Given data |
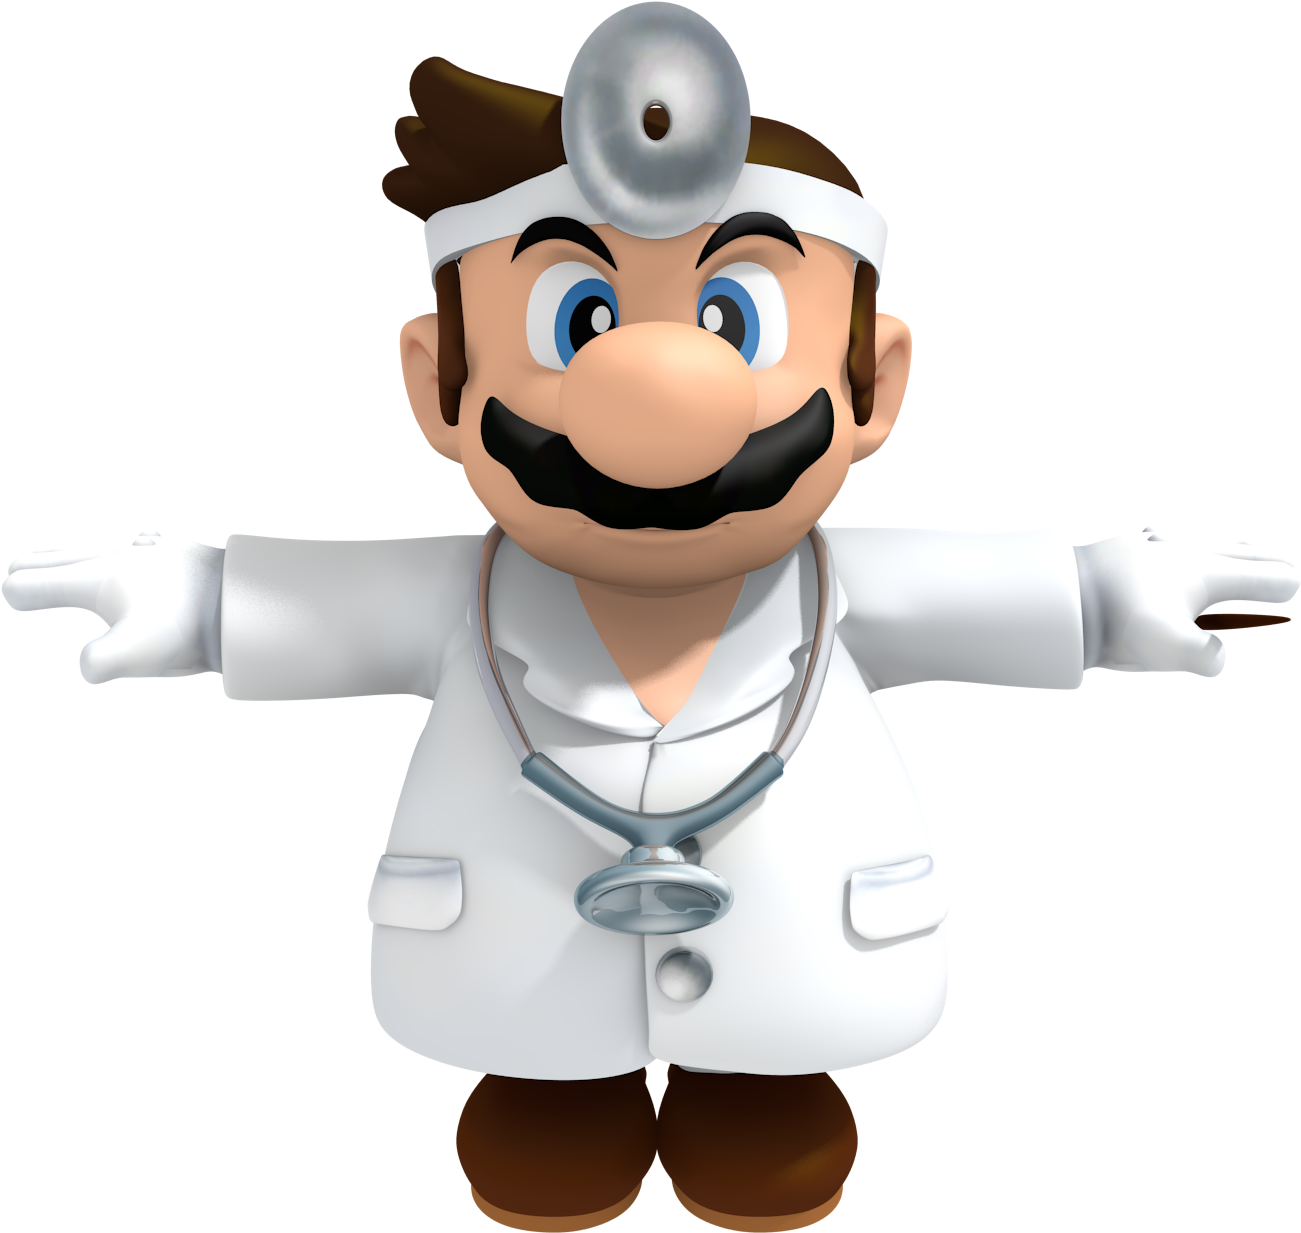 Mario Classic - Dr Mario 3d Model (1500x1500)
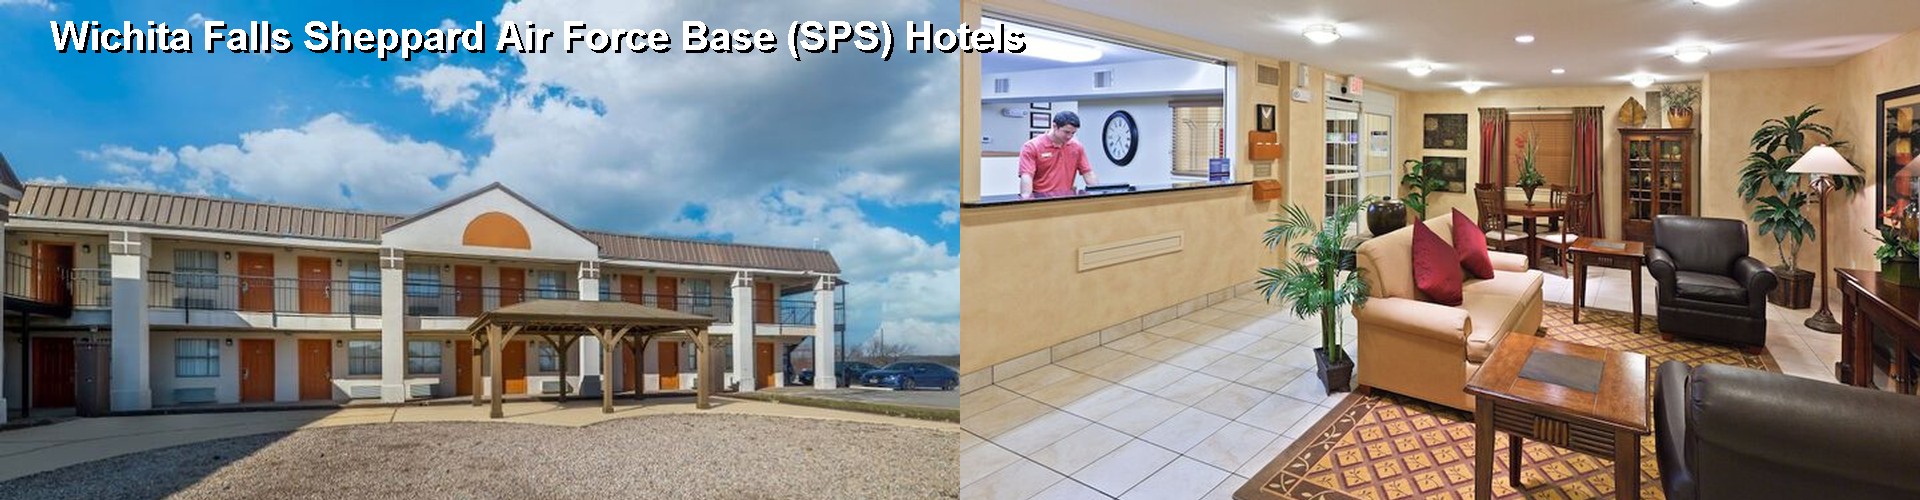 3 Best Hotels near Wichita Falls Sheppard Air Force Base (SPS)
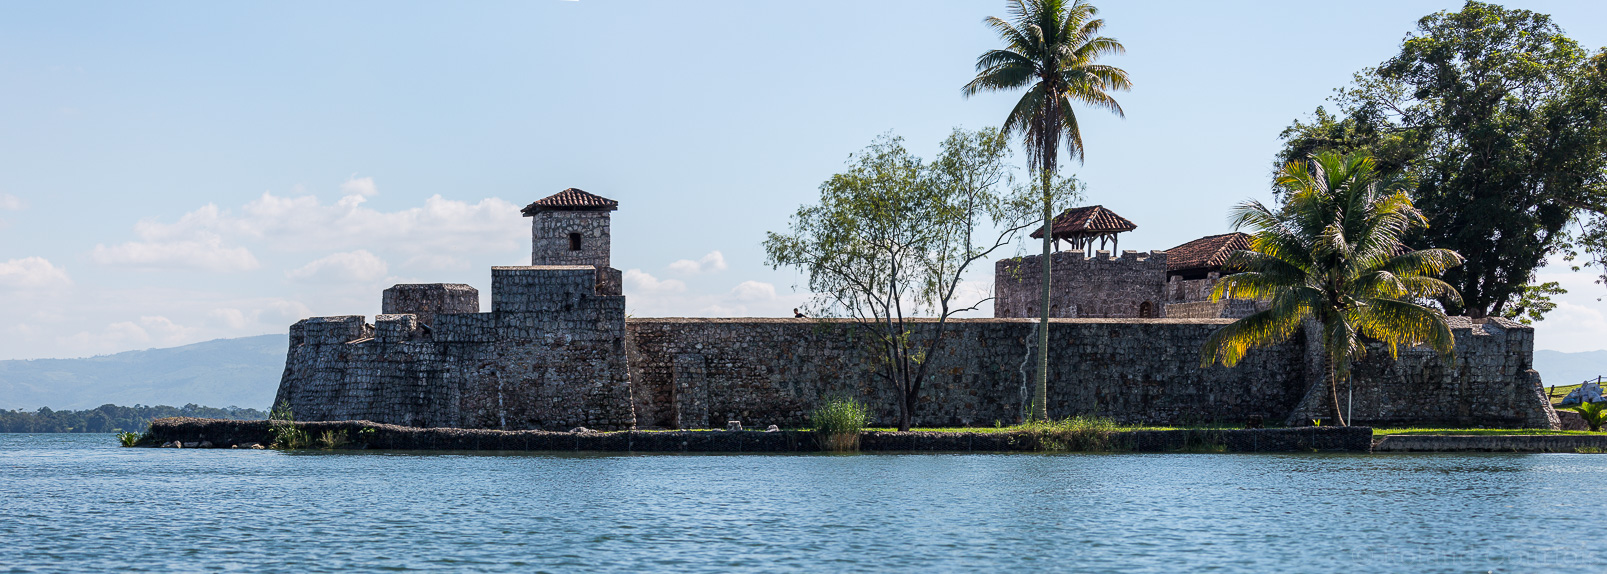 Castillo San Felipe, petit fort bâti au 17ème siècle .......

What the exercise asks |
Starting with the line that contains "3 Best Hotels", reproduce every line down to the end of the listing above, both endpoints included. Pictures stay out.

Answer section |
 3 Best Hotels near Wichita Falls Sheppard Air Force Base (SPS)
 Castillo San Felipe, petit fort bâti au 17ème siècle .......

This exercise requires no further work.